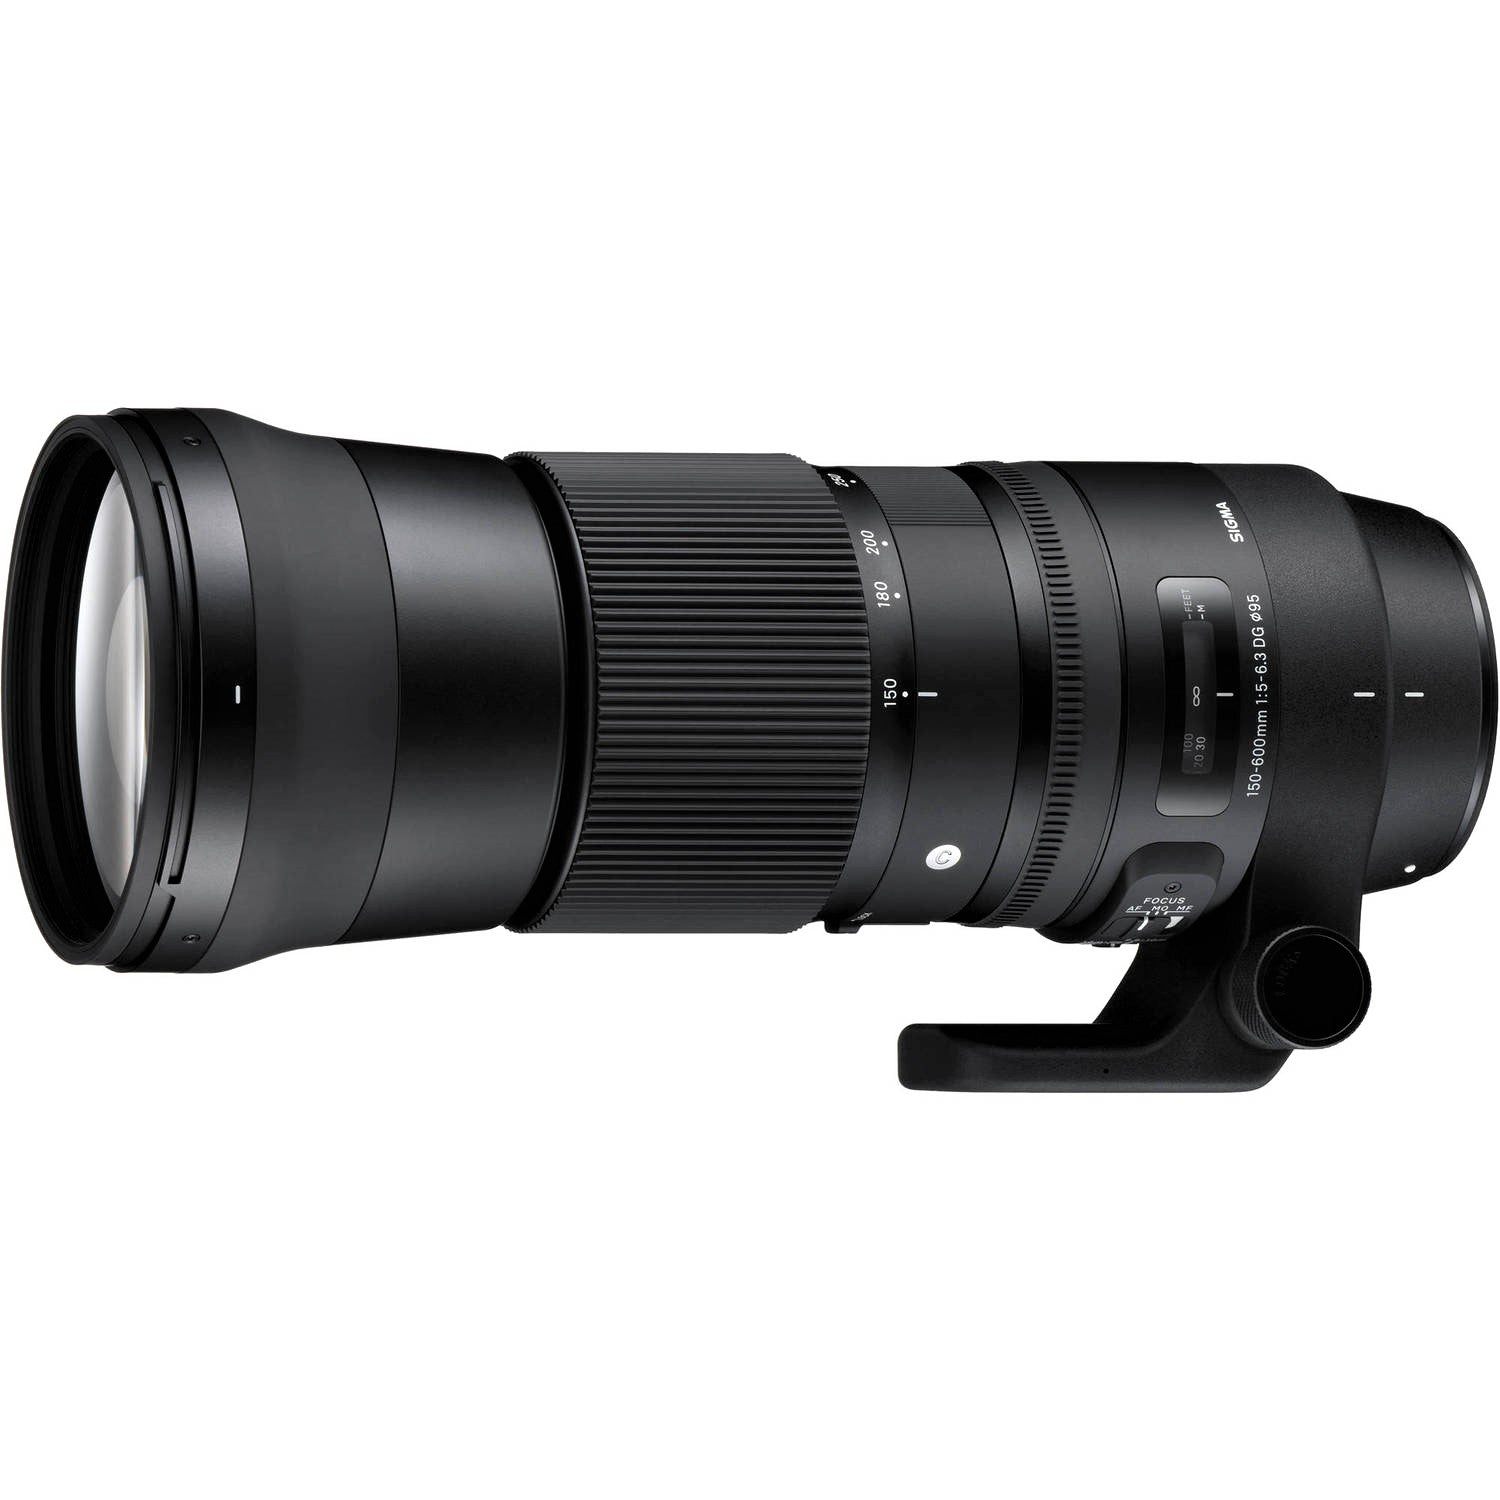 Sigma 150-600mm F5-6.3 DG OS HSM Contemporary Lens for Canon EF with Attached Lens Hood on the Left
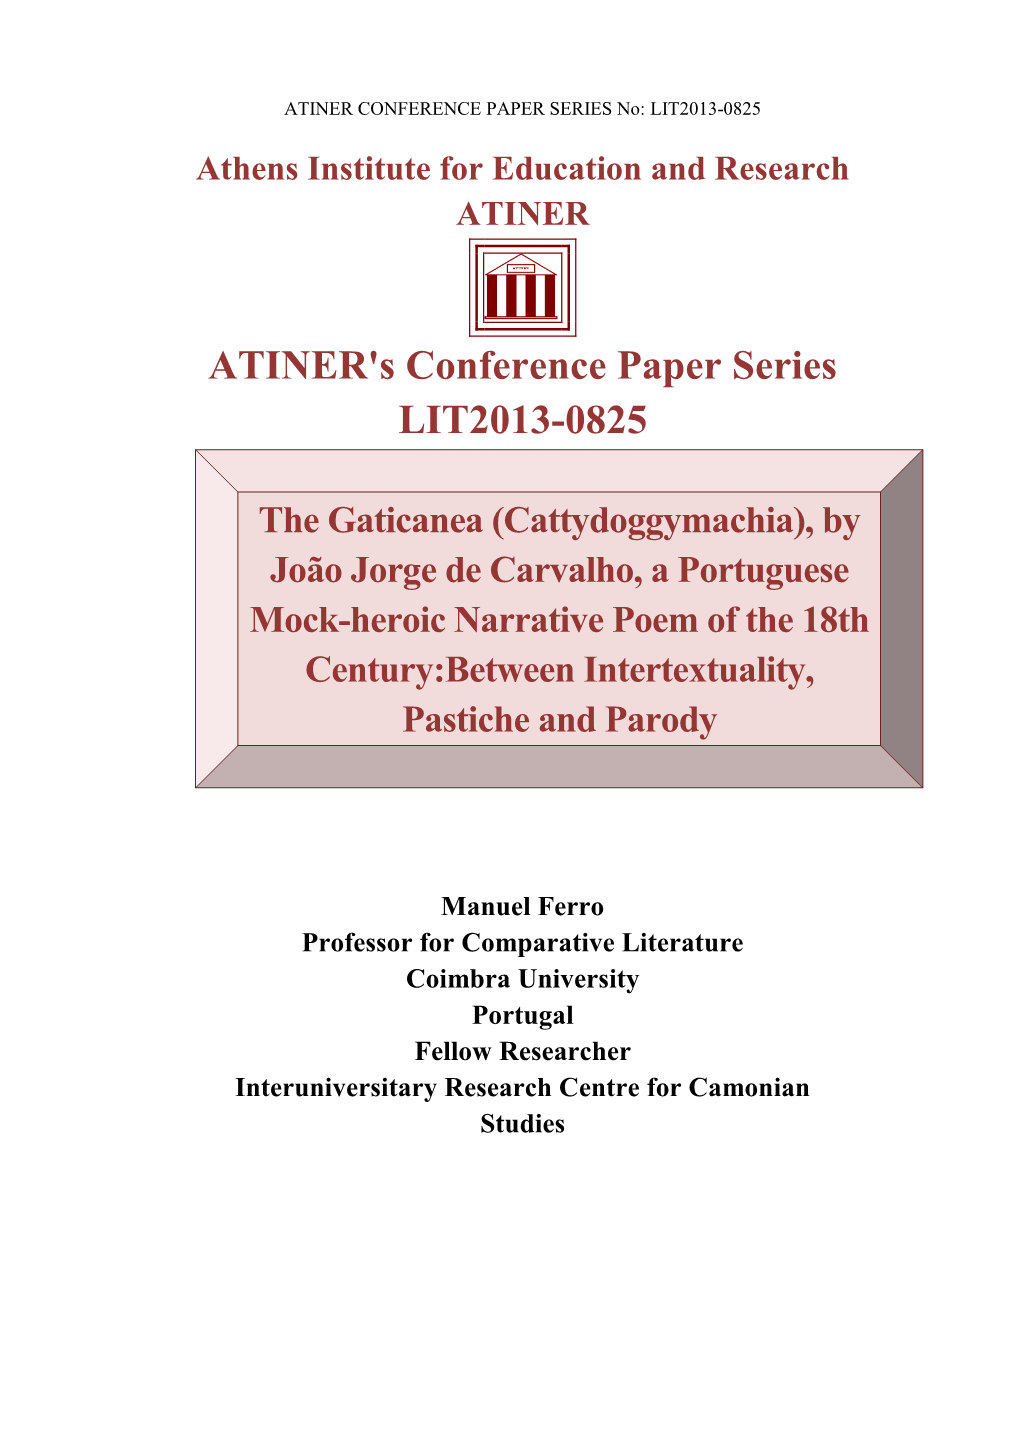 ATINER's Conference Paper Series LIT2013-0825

...

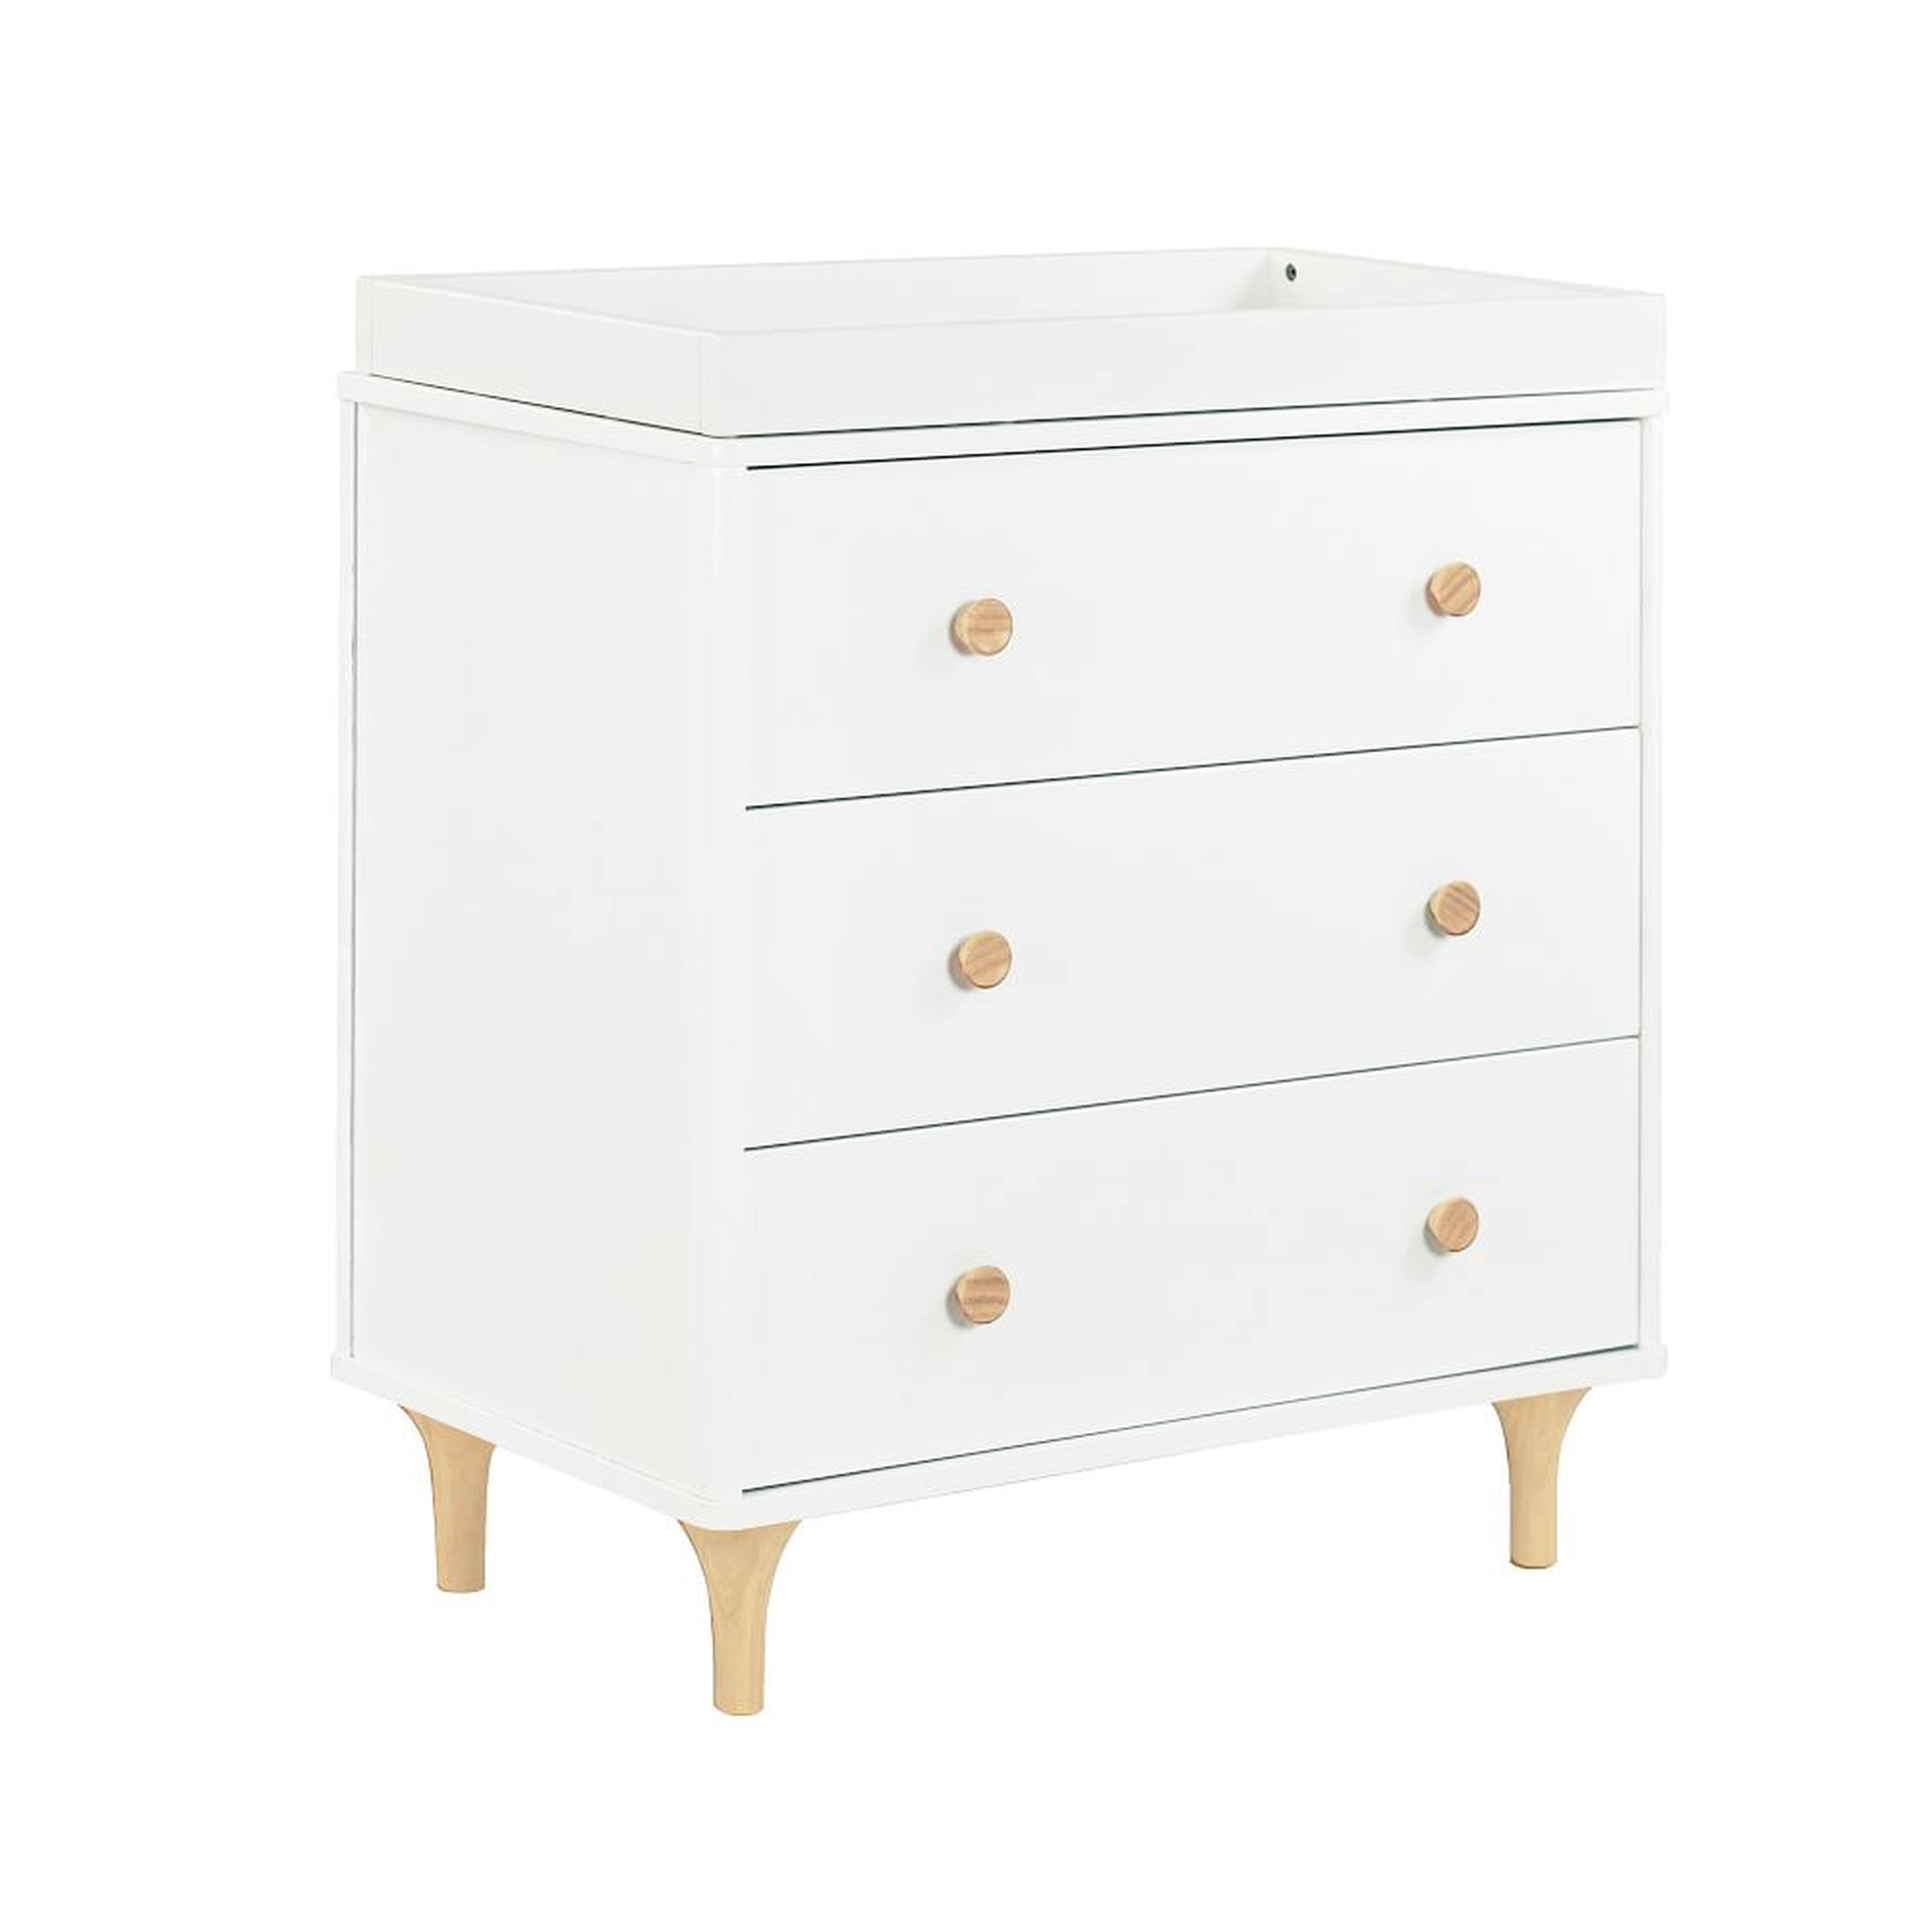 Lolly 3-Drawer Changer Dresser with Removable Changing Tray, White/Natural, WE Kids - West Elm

--

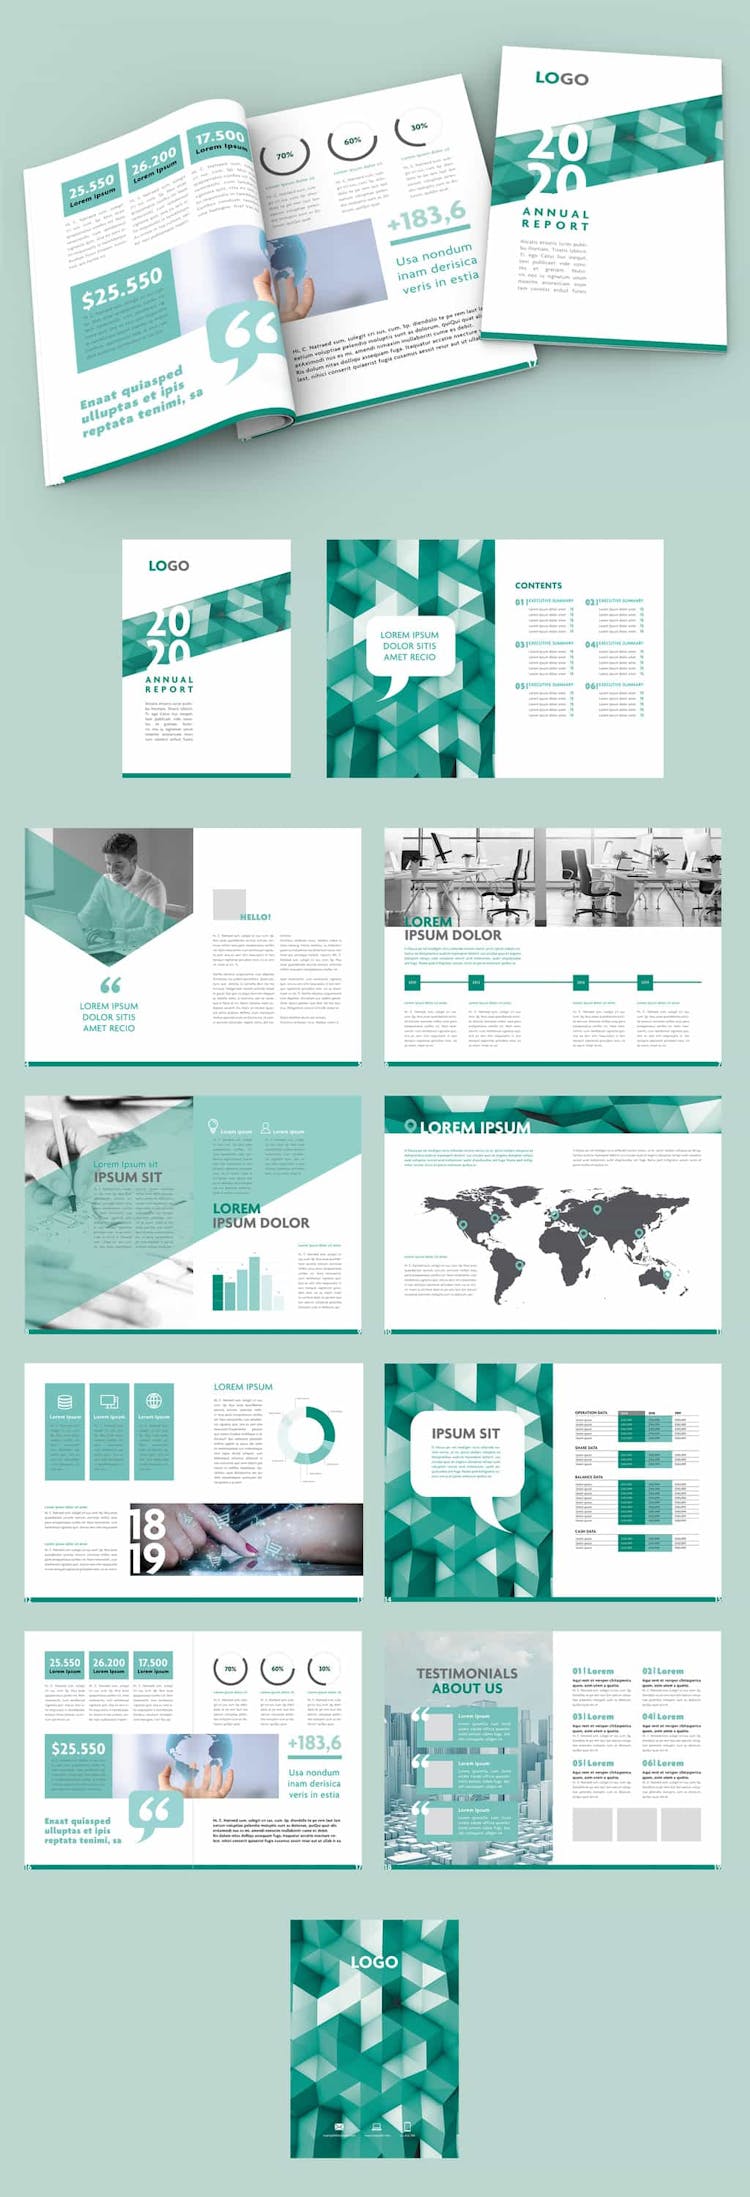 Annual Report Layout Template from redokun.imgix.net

* _Problem description_
Starting with the line above that holds "Sigma 150-600mm F5-6.3", restate each line word for word up to and including the line that holds "ATINER's Conference Paper". Drop the pictures.

* _Answer to this exercise_
 Sigma 150-600mm F5-6.3 DG OS HSM Contemporary Lens for Canon EF with Attached Lens Hood on the Left
 ATINER's Conference Paper Series LIT2013-0825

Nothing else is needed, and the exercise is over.